Let's do some Exploratory Data Analysis (EDA)! As a data scientist, you often may find yourself given a data set you've never seen before, and asked to do a rapid analysis. This is today's goal.

# Prompt

You work for a telecommunications company. The company has been storing metadata about customer phone usage, as part of the regular course of business. Currently, this data is sitting in an unsecured database. The company doesn't want to pay to increase their database security, because they don't think there's really anything to be learned from the metadata.

They are under pressure from "right to privacy" organizations to beef up the database security. These organizations argue that you can learn a lot about a person from their cell phone metadata.

The telecom company wants to understand if this is true, and they want your help. They will give you one person's metadata for 2014 and want to see what you can learn from it.

Working in teams, create a report revealing everything you can about the person. Prepare a presentation, with slides, showcasing your findings.


# The Data

The [person's metadata](./datasets/metadata.csv) has the following fields:

| Field Name          | Description
| ---                 | ---
| **Cell Cgi**        | cell phone tower identifier
| **Cell Tower**      | cell phone tower location
| **Comm Identifier** |	de-identified recipient of communication
| **Comm Timedate String** | time of communication
| **Comm Type	Id**  | type of communication
| **Latitude**        | latitude of communication
| **Longitude**       | longitude of communication


# Hints

This is totally open-ended! If you're totally stumped -- and only if stumped -- should you look below for prompts. As a starting point, given that you have geo-locations, consider investigating ways to display this type of information (i.e. mapping functionality).

<font color='white'>
Well for starters, he's in Australia!

Ideas for things to look into:
- where does he work?
- where does he live?
- who does he contact most often?
- what hours does he work?
- did he move?
- did he go on holiday?  If so, where did he go?
- did he get a new phone?

Challenges:
- how does he get to work?
- where does his family live?
- if he went on holiday, can you find which flights he took?
- can you guess who some of his contacts are, based on the frequency, location, time and mode (phone/text) of communications?

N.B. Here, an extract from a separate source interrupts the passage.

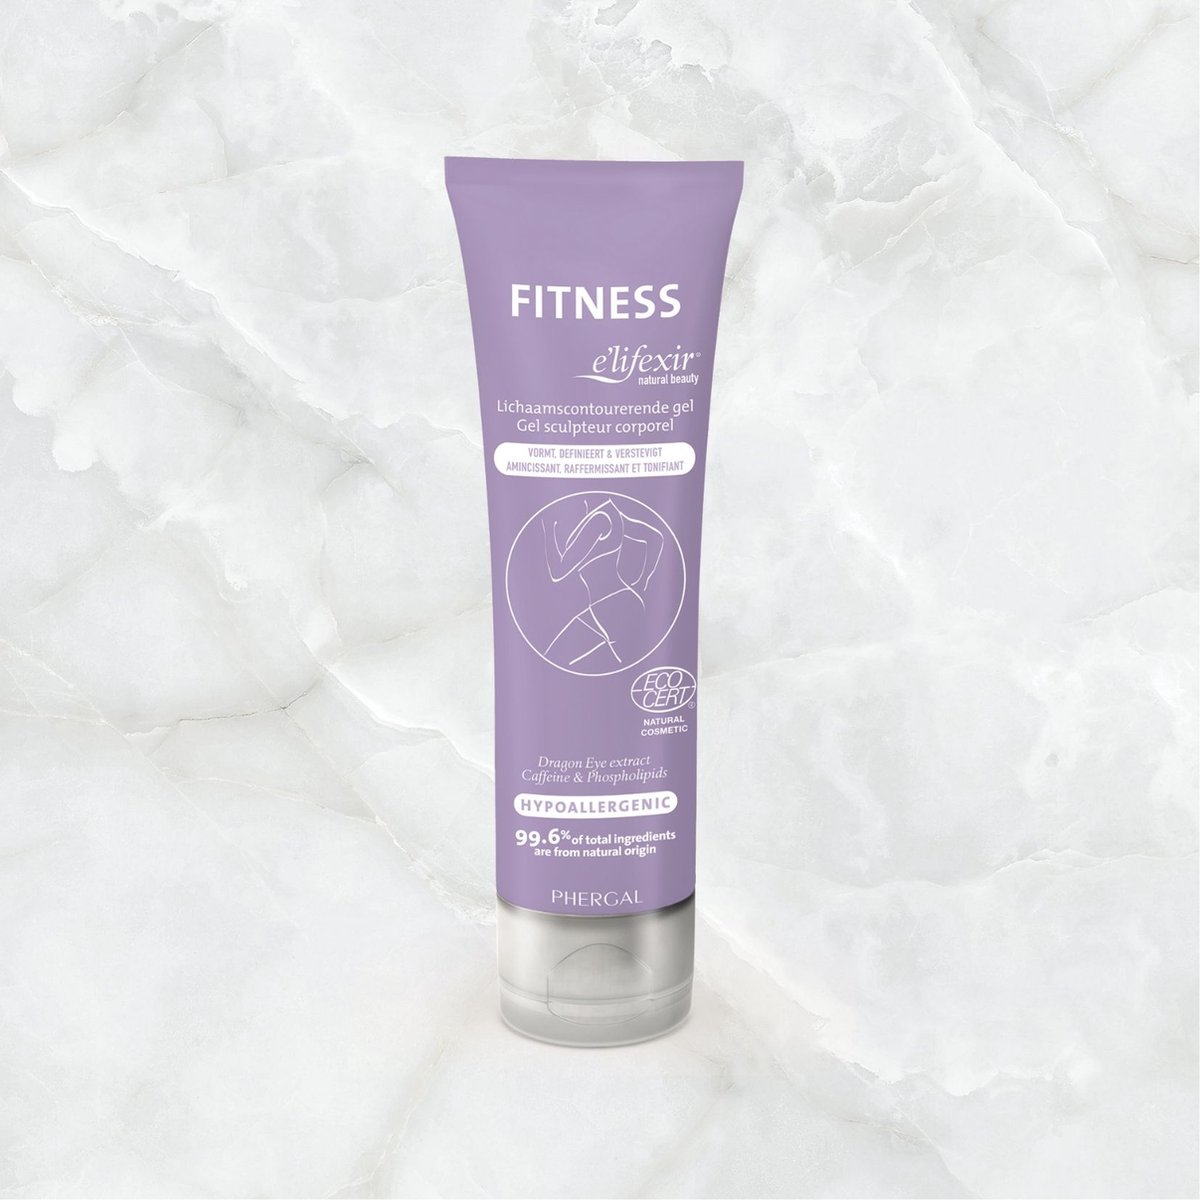 Fitness - e'lifexir Natural Beauty - 150ml - Body Toning Gel - Vegan - Microplastic FREE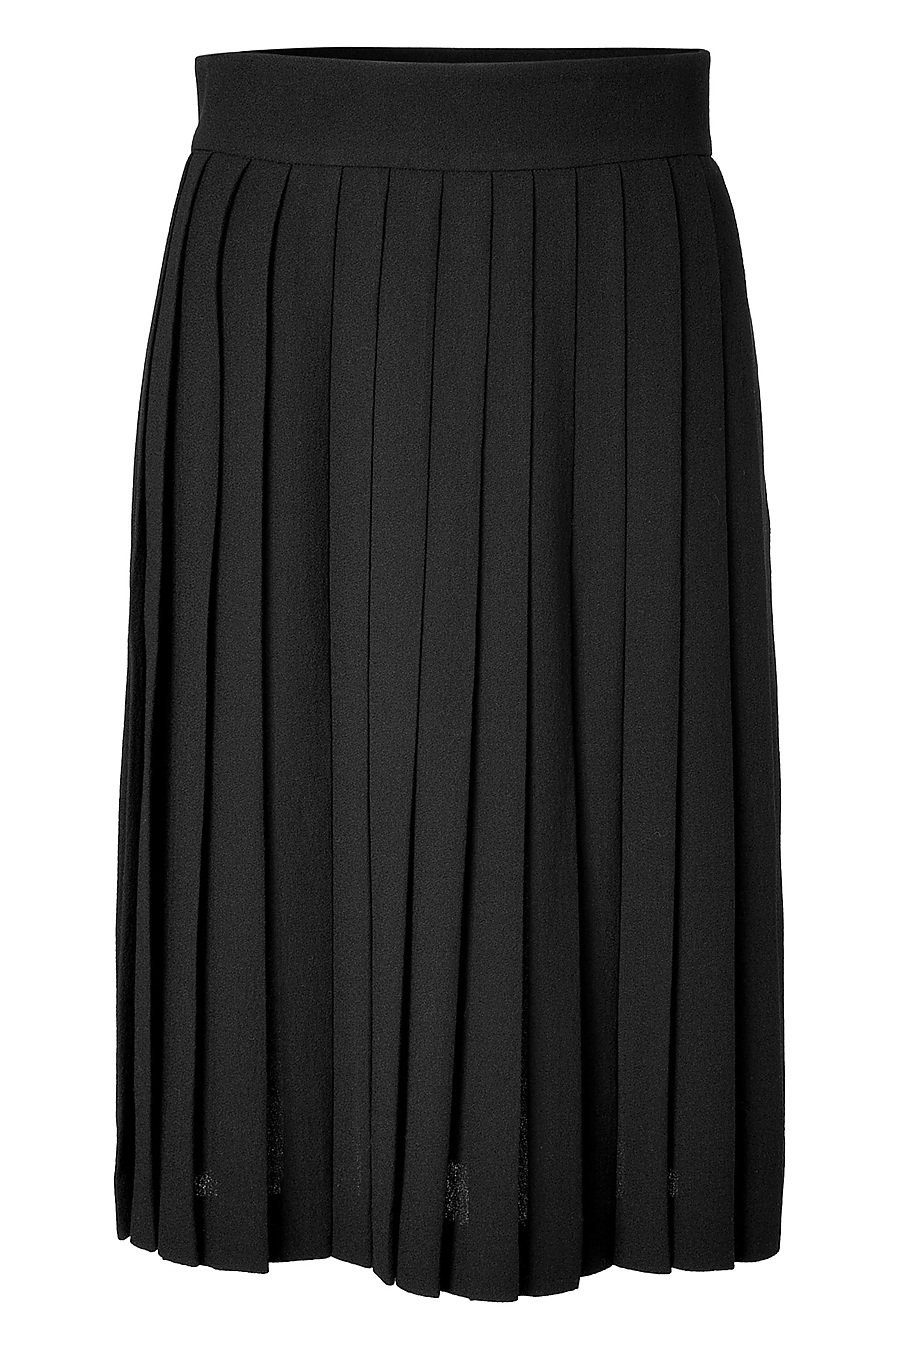 Fausto Puglisi Wool Pleated Skirt | ModeSens

If you're stuck on how to map the data, you can try "basemap" or "gmplot", or anything else you find online.
</font>

In [3]:
import matplotlib.pyplot as plt
import numpy as np
import pandas as pd
import seaborn as sns
import scipy.stats as stats

plt.style.use('fivethirtyeight')

%matplotlib inline
%config InlineBackend.figure_format = 'retina'

metadata_csv = './datasets/metadata.csv'

df = pd.read_csv(metadata_csv, encoding='latin-1')

In [4]:
df.head()

Unnamed: 0,Cell Cgi,Cell Tower Location,Comm Identifier,Comm Timedate String,Comm Type,Latitude,Longitude
0,50501015388B9,REDFERN TE,f1a6836c0b7a3415a19a90fdd6f0ae18484d6d1e,4/1/14 9:40,Phone,-33.892933,151.202296
1,50501015388B9,REDFERN TE,62157ccf2910019ffd915b11fa037243b75c1624,4/1/14 9:42,Phone,-33.892933,151.202296
2,505010153111F,HAYMARKET #,c8f92bd0f4e6fb45ed7fce96fc831b283db2b642,4/1/14 13:13,Phone,-33.880329,151.20569
3,505010153111F,HAYMARKET #,f1a6836c0b7a3415a19a90fdd6f0ae18484d6d1e,4/1/14 13:13,Phone,-33.880329,151.20569
4,5.05E+106,HAYMARKET #,f1a6836c0b7a3415a19a90fdd6f0ae18484d6d1e,4/1/14 17:27,Phone,-33.880329,151.20569


In [5]:
df.info()

<class 'pandas.core.frame.DataFrame'>
RangeIndex: 10476 entries, 0 to 10475
Data columns (total 7 columns):
Cell Cgi                10476 non-null object
Cell Tower Location     10476 non-null object
Comm Identifier         1374 non-null object
Comm Timedate String    10476 non-null object
Comm Type               10476 non-null object
Latitude                10476 non-null float64
Longitude               10476 non-null float64
dtypes: float64(2), object(5)
memory usage: 573.0+ KB


In [6]:
df_col = ['cgi', 'tower', 'identifier', 'timedate', 'type', 'latitude', 'longitude'] 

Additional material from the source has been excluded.